Liver function: Liver disease or reduced liver function may cause this medication to build up in the body, causing side effects. If you have liver problems, discuss with your doctor how this medication may affect your medical condition, how your medical condition may affect the dosing and effectiveness of this medication, and whether any special monitoring is needed.
Stomach problems: Donepezil has the potential to cause an increase in the amount of acid that the stomach produces. If you have a history of ulcers or are at increased risk of developing stomach ulcers, discuss with your doctor how this medication may affect your medical condition, how your medical condition may affect the dosing and effectiveness of this medication, and whether any special monitoring is needed.
Pregnancy: The safety of donepezil for use during pregnancy has not been established. This medication should not be used during pregnancy unless the benefits outweigh the risks. If you become pregnant while taking this medication, contact your doctor immediately.
Breast-feeding: It is not known if donepezil passes into breast milk. If you are a breast-feeding mother and are taking this medication, it may affect your baby. Talk to your doctor about whether you should continue breast-feeding.
Children: The safety and effectiveness of using this medication have not been established for children.
What other drugs could interact with this medication?
There may be an interaction between donepezil and any of the following:
- antihistamines (e.g., cetirizine, doxylamine, diphenhydramine, hydroxyzine, loratadine)
- antipsychotics (e.g., chlorpromazine, clozapine, haloperidol, olanzapine, quetiapine, risperidone)
- barbiturates (e.g., phenobarbital)
- beta-adrenergic blockers (e.g., atenolol, propranolol, sotalol)
- corticosteroids (e.g., budesonide, dexamethasone, hydrocortisone, fluticasone, prednisone)
- peginterferon Alfa-2b
- tricyclic antidepressants (e.g., amitriptyline, clomipramine, desipramine, trimipramine)
If you are taking any of these medications, speak with your doctor or pharmacist. Depending on your specific circumstances, your doctor may want you to:
- stop taking one of the medications,
- change one of the medications to another,
- change how you are taking one or both of the medications, or
- leave everything as is.
An interaction between two medications does not always mean that you must stop taking one of them. Speak to your doctor about how any drug interactions are being managed or should be managed.

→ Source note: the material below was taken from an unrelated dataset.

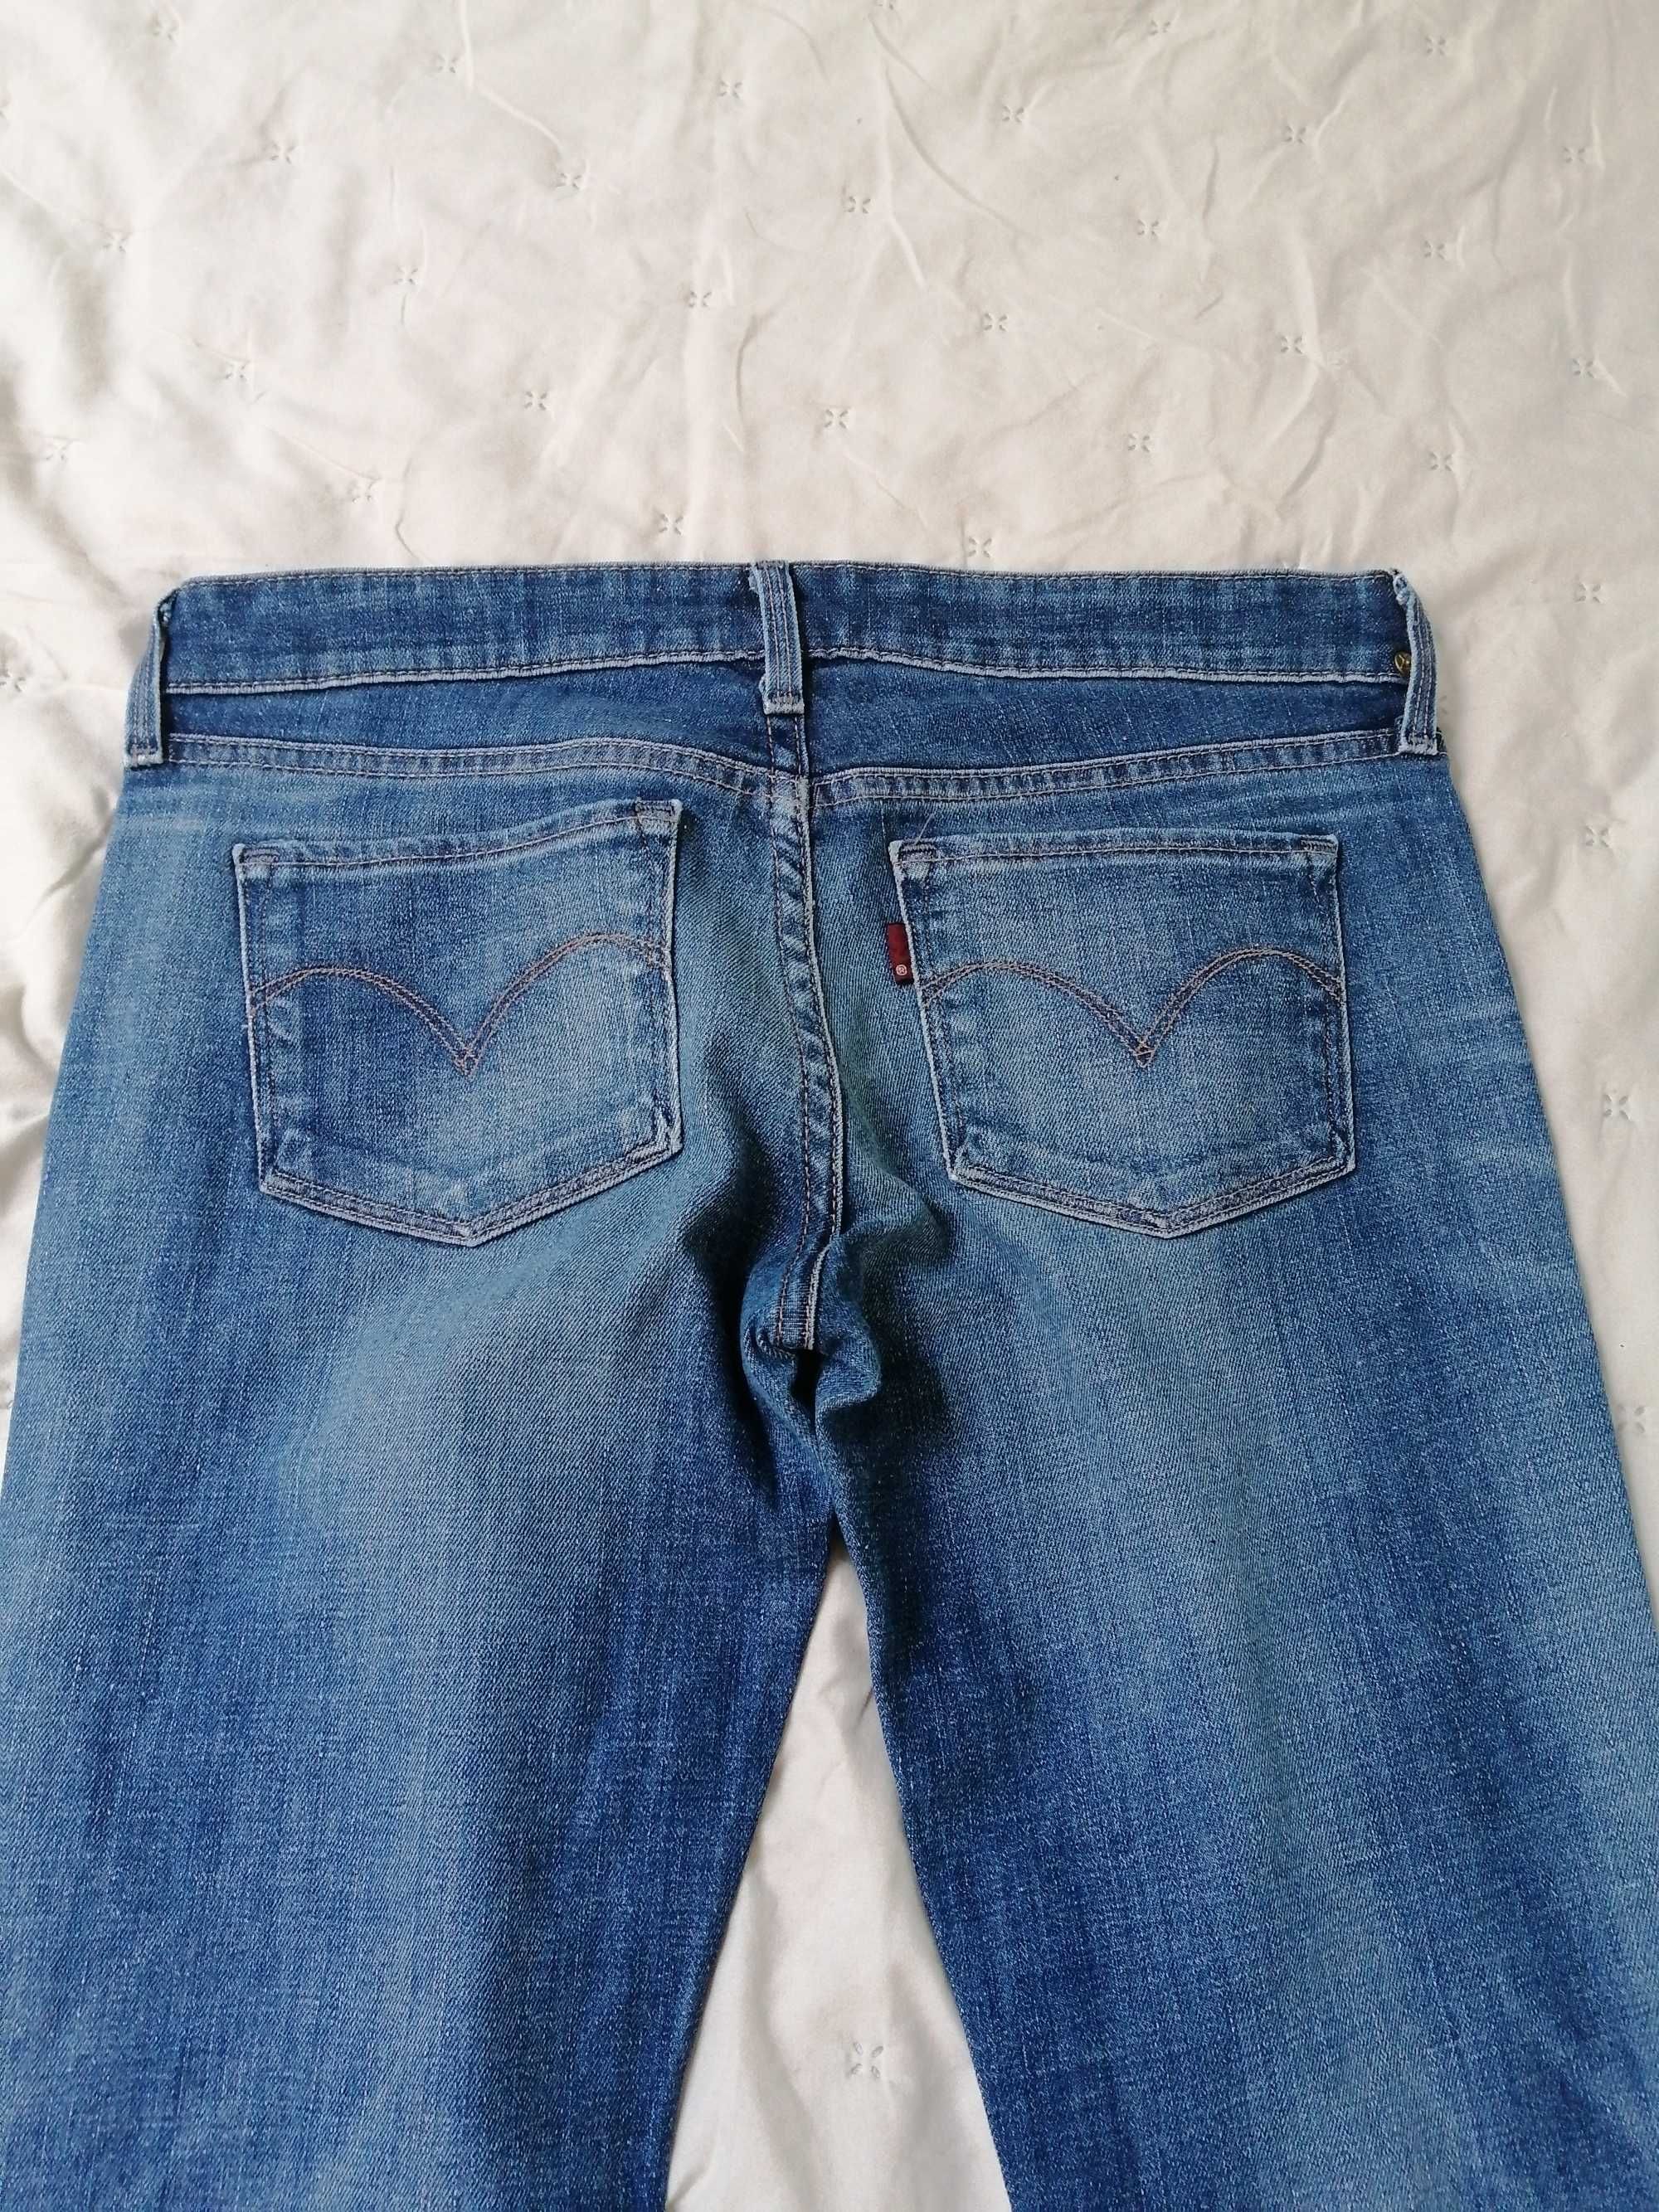 Skinny jeans W27 L32 Levi's rurki
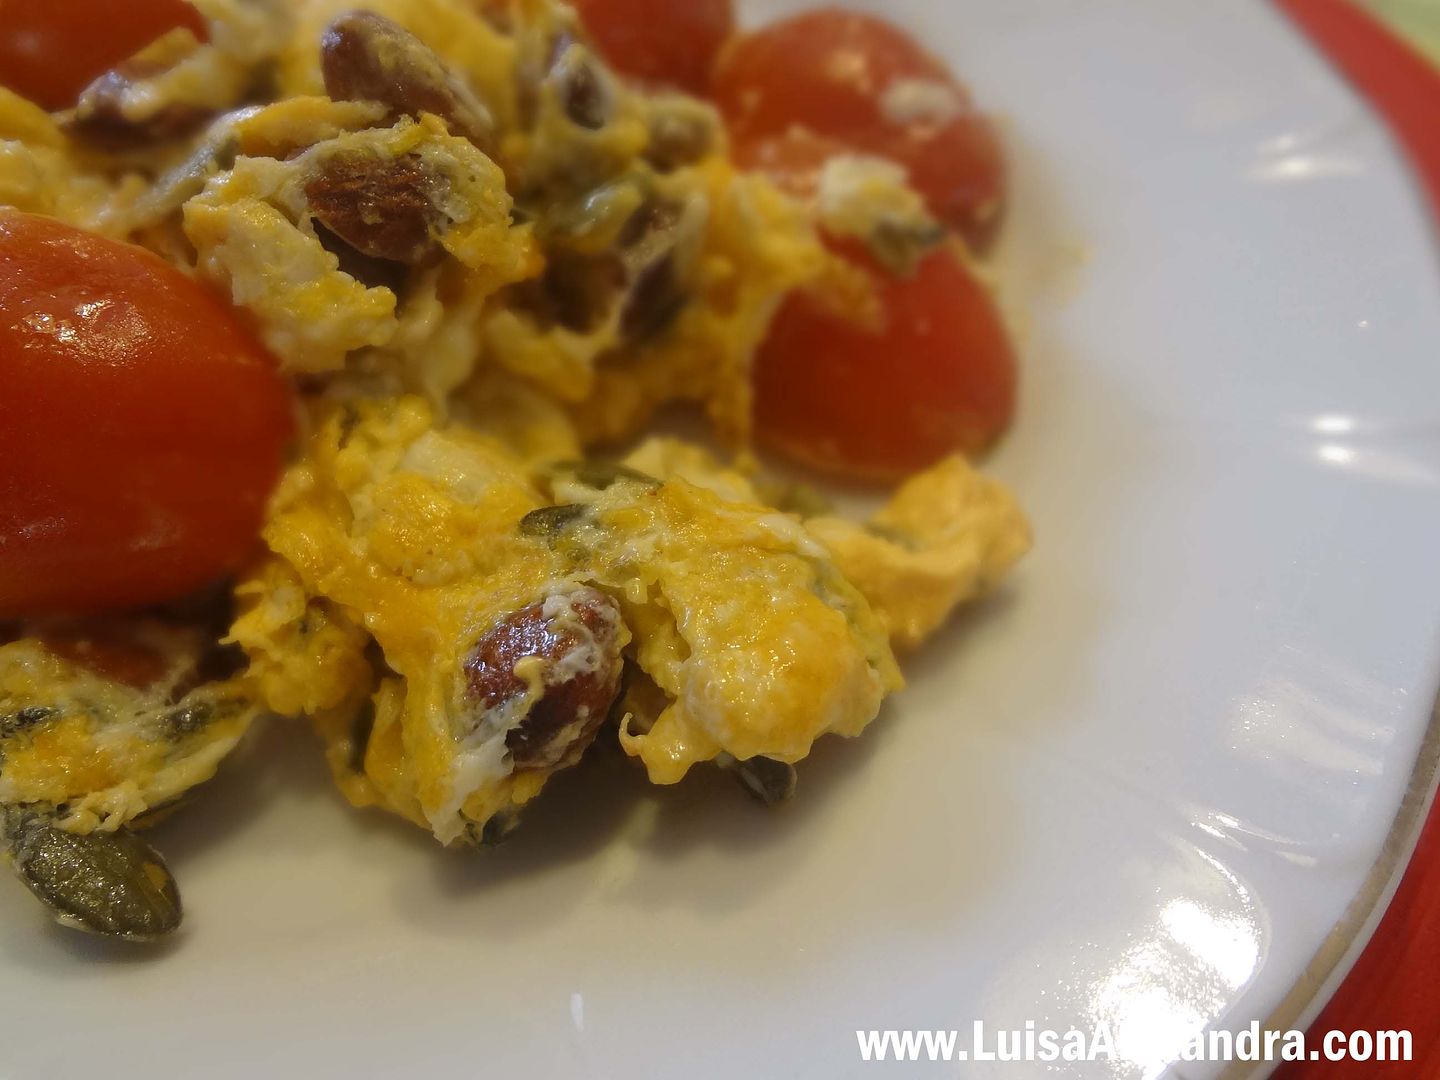 Ovos Mexidos com Tomate Berry, amendoas, sementes de abobora e queijo cool photo file-1717.jpg

Medications other than those listed above may interact with this medication. Tell your doctor or prescriber about all prescription, over-the-counter (non-prescription), and herbal medications you are taking. Also tell them about any supplements you take. Since caffeine, alcohol, the nicotine from cigarettes, or street drugs can affect the action of many medications, you should let your prescriber know if you use them.